In a Week 15 “Monday Night Football” game last season, the Carolina Panthers got the ball back with 1:44 left, trailing the New Orleans Saints 12-9. It’s a situation Cam Newton has thrived in before.
The guy wearing No. 1 in black didn’t resemble Newton once he wound up to throw. Every pass was a struggle. Each throw looked painful for him. Some missed badly. Newton looked like he was throwing a shot put. The Panthers didn’t get past midfield and took another loss. Even though they had a small chance to still make the playoffs after that loss, they smartly shut Newton down for the season. He had arthroscopic shoulder surgery in January.
Quarterbacks get hurt, even get surgery on their throwing arms and bounce back. Maybe this is just a normal part of Newton’s football journey and in September we’ll see the same cannon-arm, bulldozer-running former MVP we’re used to.

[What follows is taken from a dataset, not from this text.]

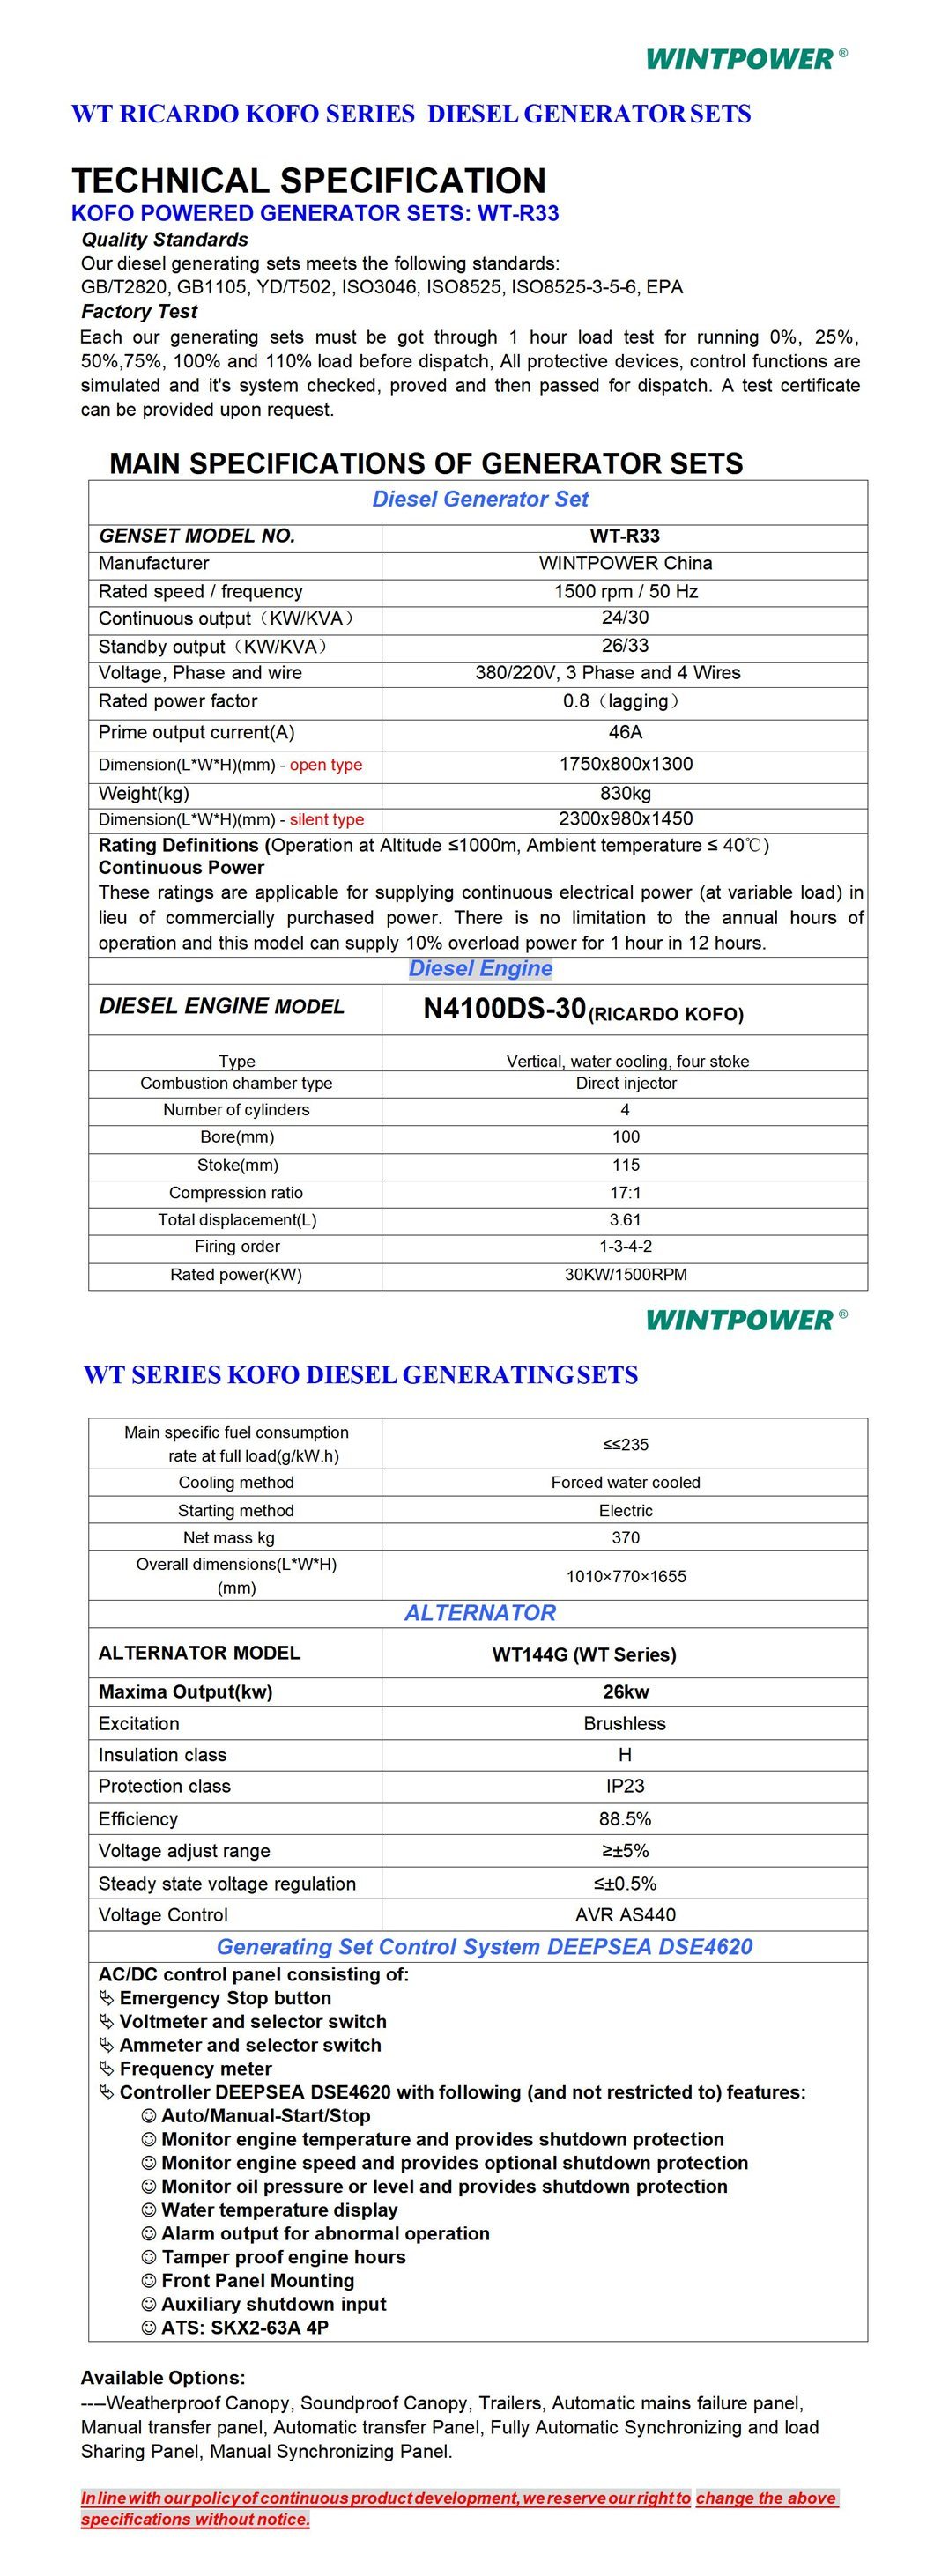 Weichai Kofo Ricardo Diesel Power Generator Set Dg Genset 100kVA 4rt55-88d R6105zlds 110kVA 4rt55-110d 120kVA R6105azlds 138kVA R6105bzlds 165kVA 6105bzlds 165kVA R6105bzlds

But it’s also impossible to act like Newton is a normal quarterback.
Newton is a unicorn, whose gifts as a passer and a runner make him arguably the greatest dual-threat quarterback in NFL history. Ignoring his skill as a runner would cut into his value, and the Panthers have used him a lot in the running game. His career low in rushing attempts for a season is 90, and that is tied for 42nd all-time among quarterbacks in a single season. On that all-time list of rushing attempts in a season by a quarterback, Newton ranks third, fourth, fifth, sixth, 14th, tied for 21st, tied for 24th and tied for 42nd. No quarterback has ever moonlighted as a running back as frequently as Newton.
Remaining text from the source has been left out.